At the Montreal International Jazz Festival, you don’t try to go one better intentionally, you just continue to offer the wide-ranging and imaginative programming that got you to your fourth decade.

That seems to be the philosophy, and you can’t argue with success. It’s a success that can be viewed as a multi-block block party, indoors and out, that draws 2.5 million visitors to 650 concerts (370 free outdoor shows on 12 stages, 180 indoor ticketed concerts at 10 concert halls) featuring an estimated 3,000 musicians from 30 countries.

“Last year was an extraordinary year, but I think this year’s programming matches up,” says Andre Menard, the festival’s artistic director and co-founder.

This year’s 31st annual event runs June 25 to July 6 (roughly a week earlier than in 2009).

Last year’s kickoff was a free outdoor concert by Stevie Wonder that drew a crowd that seemed beyond count - with people ignoring day-long rains and streaming into the festival’s Quartier des Spectacles neighborhood just to get within sight - or at least hearing distance, of nearly a dozen large video screens set up to accommodate those who couldn’t get near the prime outdoor stage.

This year’s primary indoor draws including some terrific headline combinations.

  • June 25: an opening night pairing of Lionel Ritchie and Cassandra Wilson.

  • June 28: Smokey Robinson

  • July 1: George Benson’s Nat King Cole tribute show.

  • July 2: The combination of Laurie Anderson, Lou Reed and saxophonist John Zorn.
  • July 5: The Steve Miller Band and The Doobie Brothers.

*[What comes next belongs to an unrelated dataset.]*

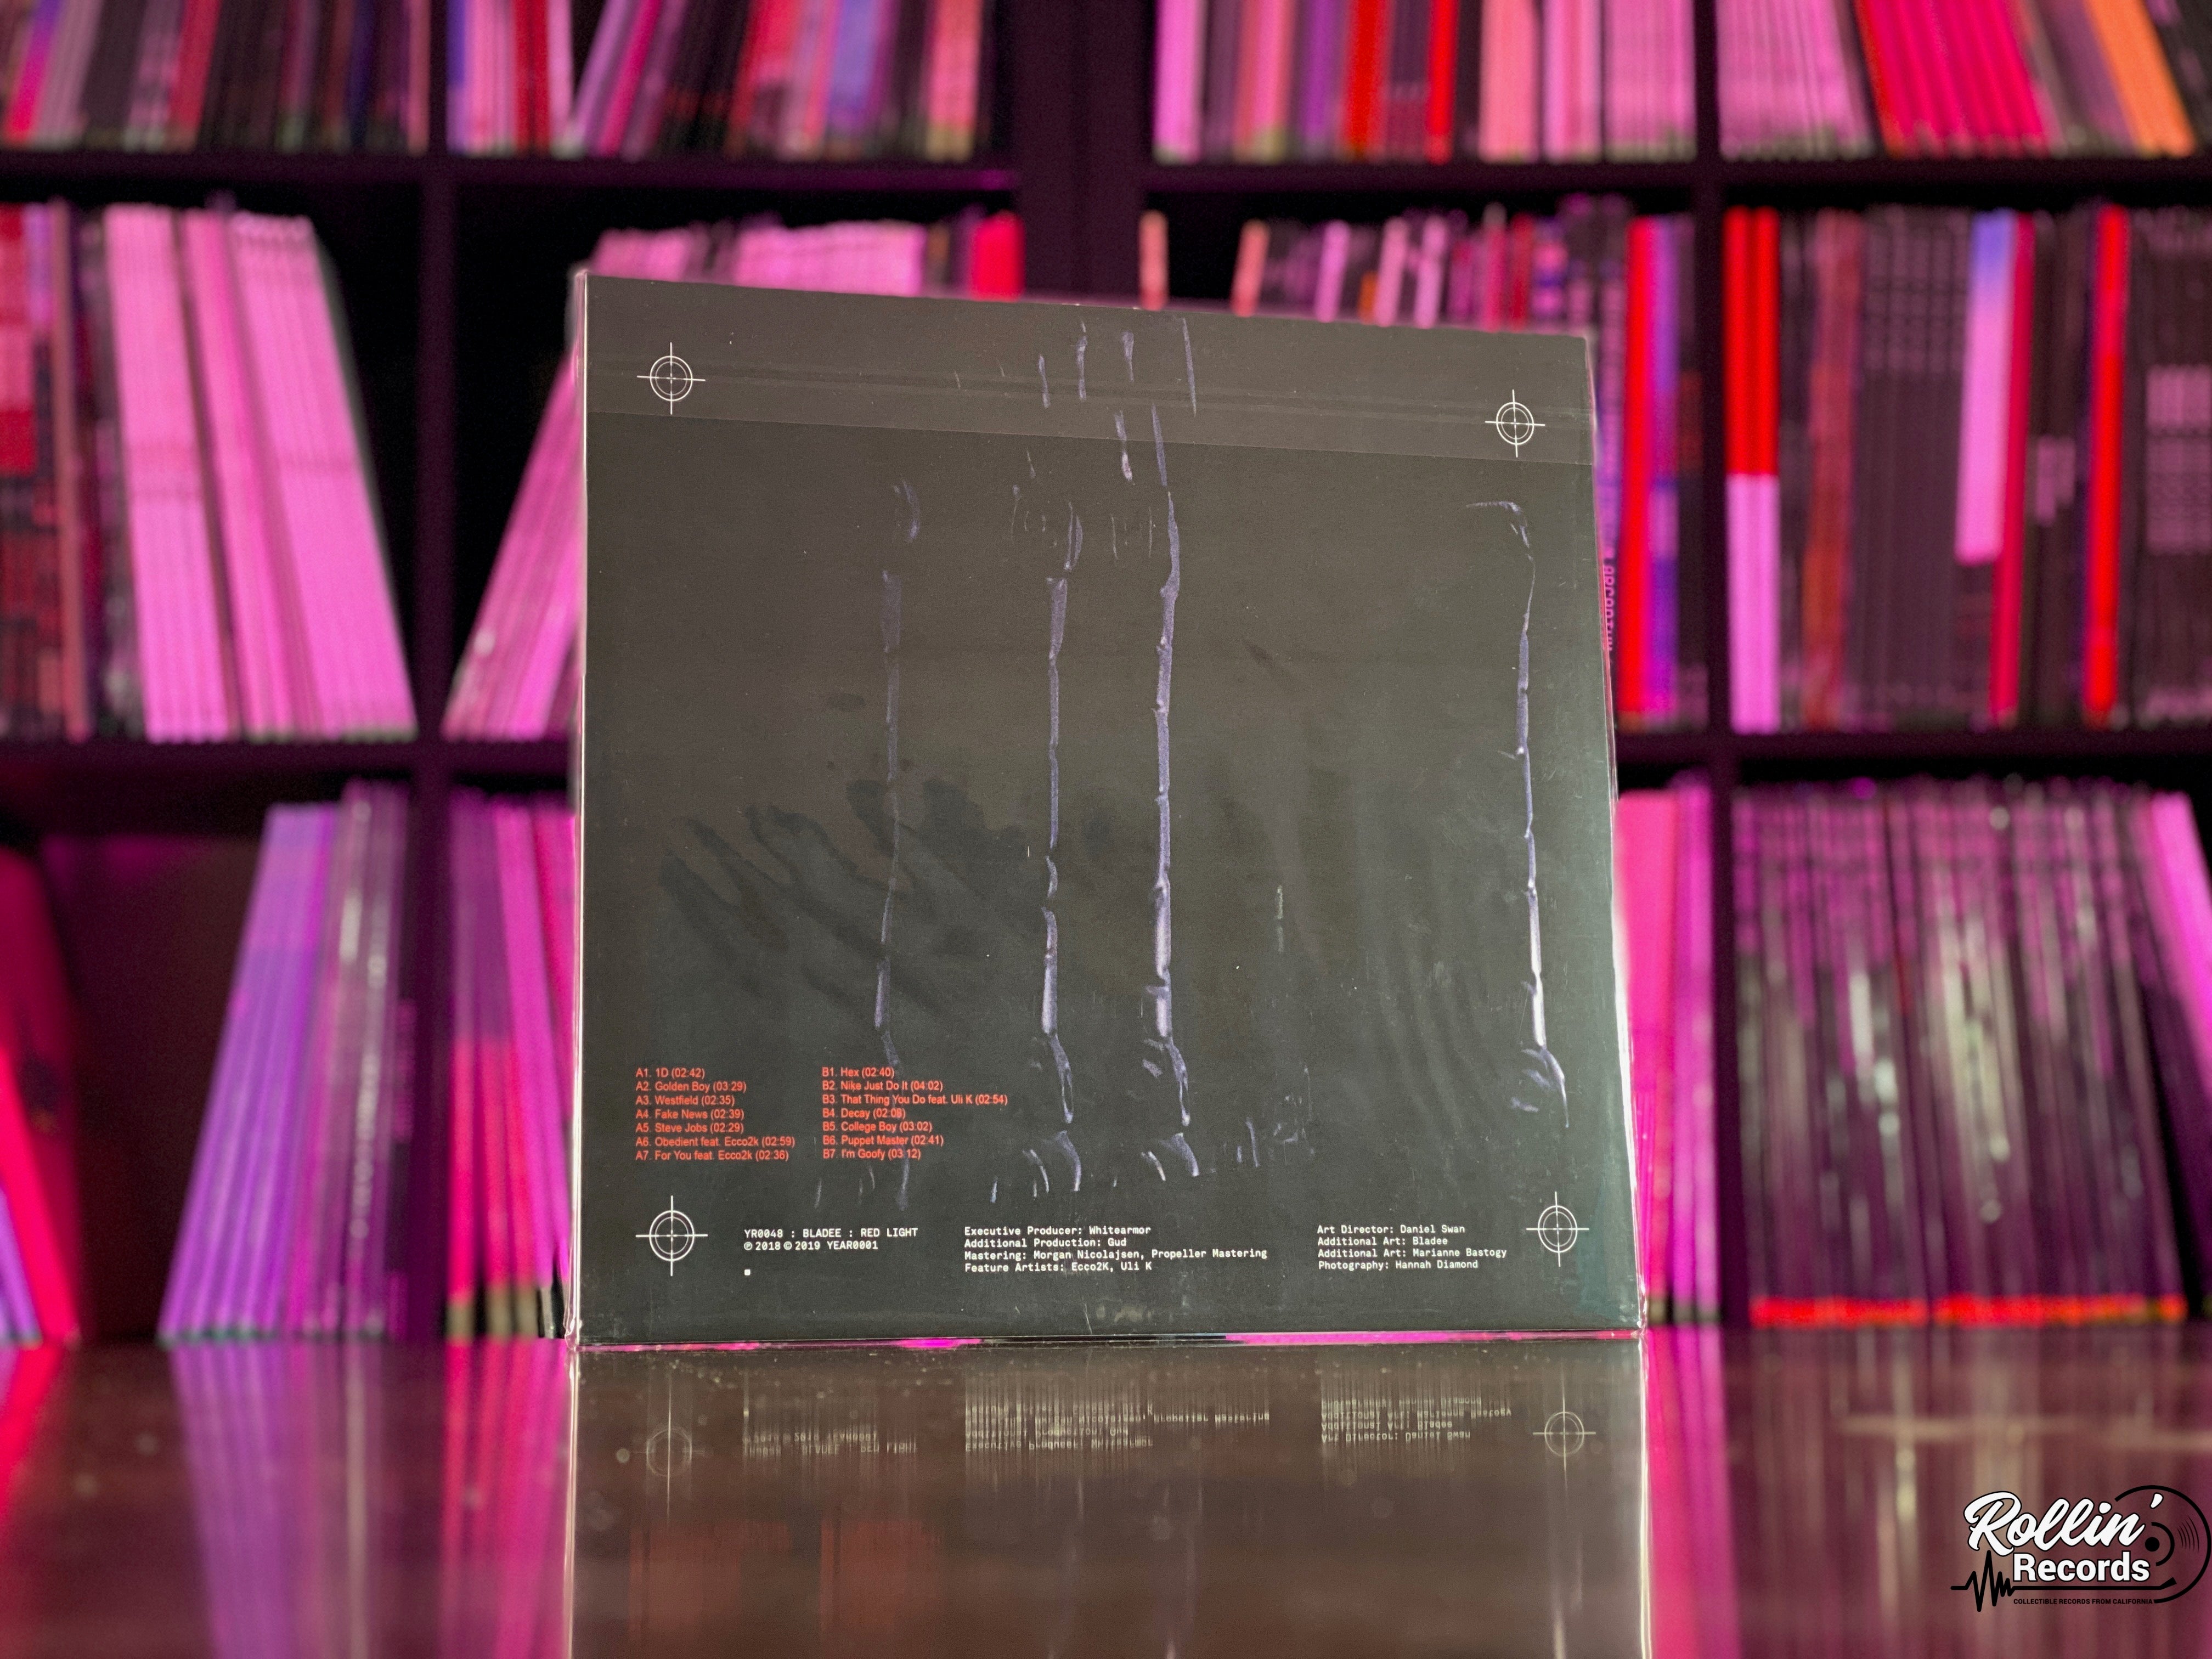 Bladee - Red Light – Rollin' Records

Other major concerts will feature Sonny Rollins, Herbie Hancock, Keith Jarrett’s Standards trio, the Moody Blues, Roy Hargrove’s Big Band, Terence Blanchard, Boz Scaggs, Cesaria Evora, Ahmad Jamal, Joan Armatrading, Richard Bona, John Scofield’s News Orleans-rooted Piety Street Band, Cyndi Lauper and pianist Allen Toussaint’s Bright Mississippi all-star project. The list goes on and on... and on some more.

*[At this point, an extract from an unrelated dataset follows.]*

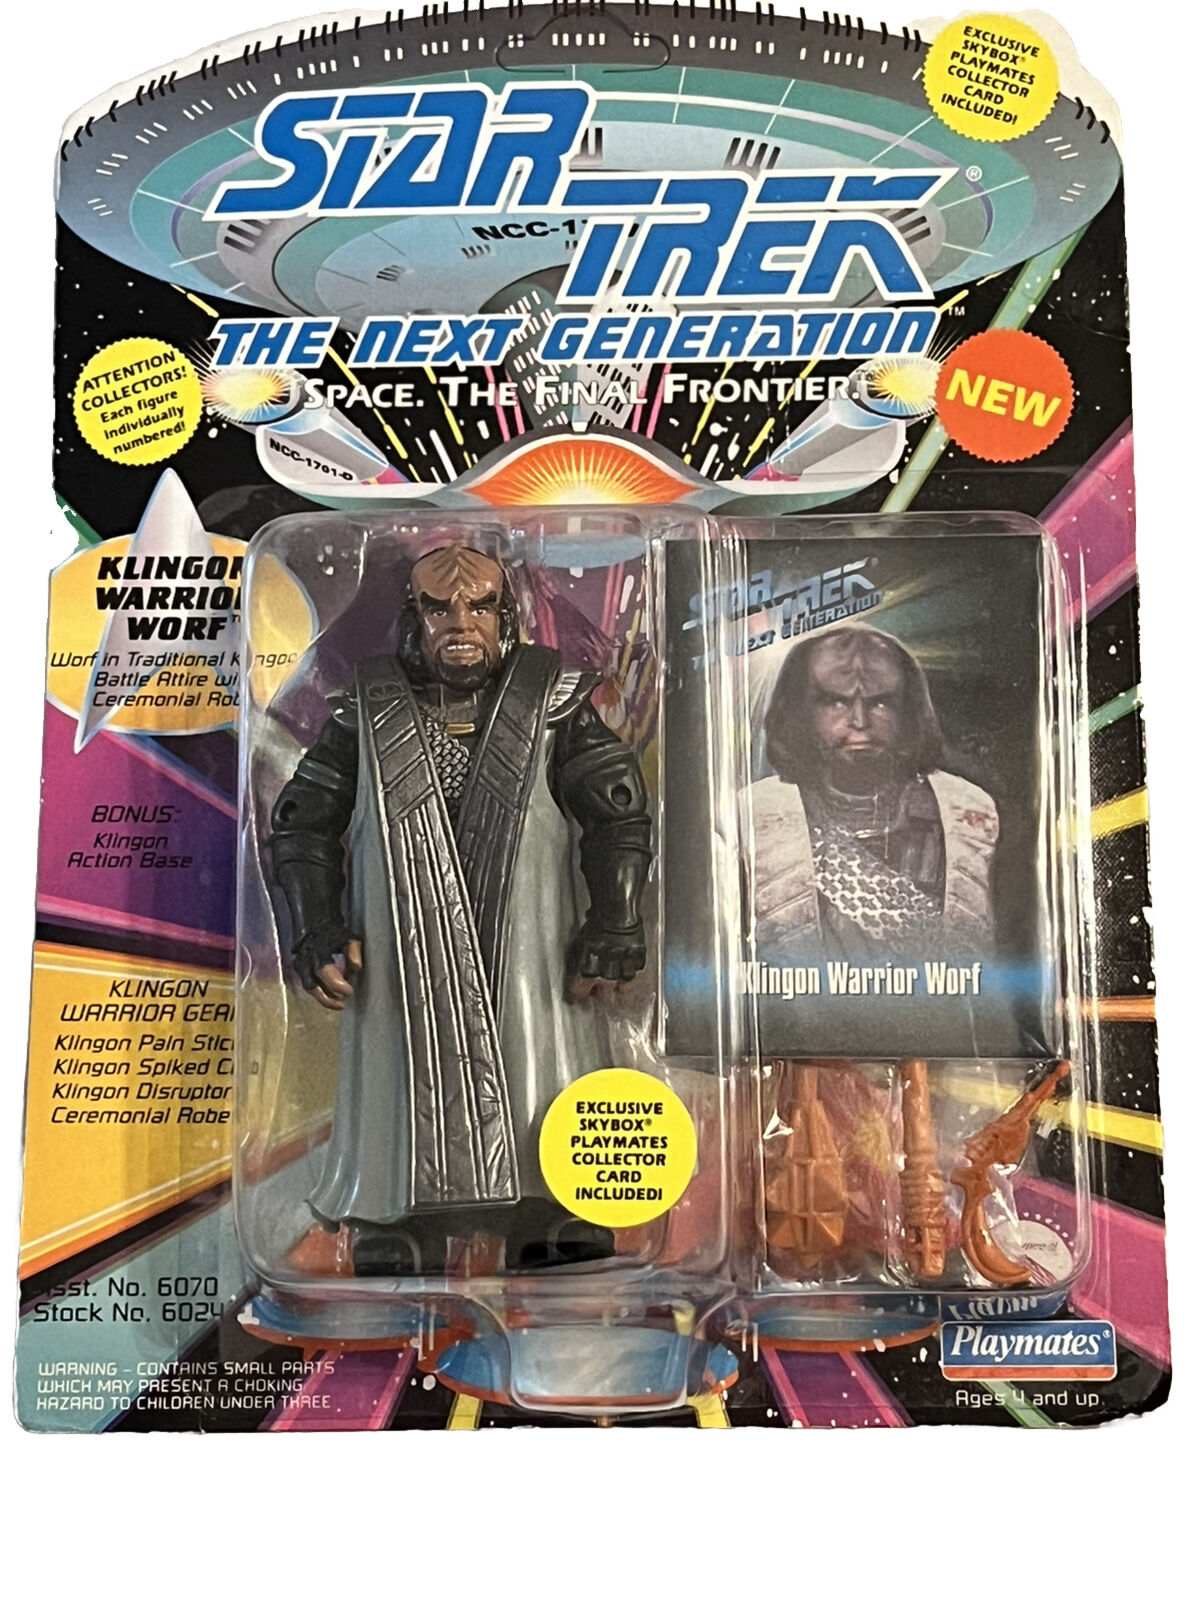 NIB 1993 STAR TREK Next Generation Klingon Warrior WORF Action Figure 6024

Taj Mahal and The Fabulous Thunderbirds will team up for a blues evening at the Metropolis on June 28. On the night of July 1, Zorn will host a “Masada marathon” at the Theatre Maisonneuve that features two separate performances - each of which includes Zorn with five different bands (10 bands in all.)

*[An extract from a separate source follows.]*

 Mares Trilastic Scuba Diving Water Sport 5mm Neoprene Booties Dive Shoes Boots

This year’s edition of the acclaimed “Invitation” series spotlights four different artists with multiple nights and guests of their choosing. The four bandleaders are Italian trumpeter Paolo Fresu, French drummer MAnu Katché, pianist Robert Glasper, and Allen Toussaint (solo one night, and with Bright Mississippi the next).

The Theatre du Nouveau Monde (New World Theater) will feature eight nights of performances by jazz artists from Spain, with two nights apiece by Dorantes, Chano Dominguez, Diego and Juan Carmona.

The festival’s own year-round on-site jazz club, Astral, (located in the festival's House of Jazz, which opened last year >>>) will host jams from midnight to 4 a.m. nightly, in addition to being the site of ticketed performances earlier in the night. The outdoor free events program will be made public on June 3.

Also running in Montreal (through August 29) at the Montreal of Fine Arts is the first North American multimedia retrospective on the career of Miles Davis. The “We Want Miles” exhibition-performance, which was designed and organized by the Cité de la Musique in Paris, will also evoke some of Davis’s four memorable Montreal concerts. And this year’s concert schedule also includes Montreal trumpeter Ron DiLauro’s big band revisit of Davis’s “Porgy and Bess” project on June 30 at the Theatre Jean-Duceppe.

One thing is clear. The programming at Montreal never gets stale. That explains why the festival, as Menard puts it, “is now a beacon in Montreal - something people look forward to.”

Jamie Cullum at Montreal, 2009... >

According to tourism research, some 250,000 to 350,000 of the 2.5 million attendees are tourists from elsewhere in Canada, the U.S. or abroad, but he vast majority of people who flock to the festival are from greater Montreal.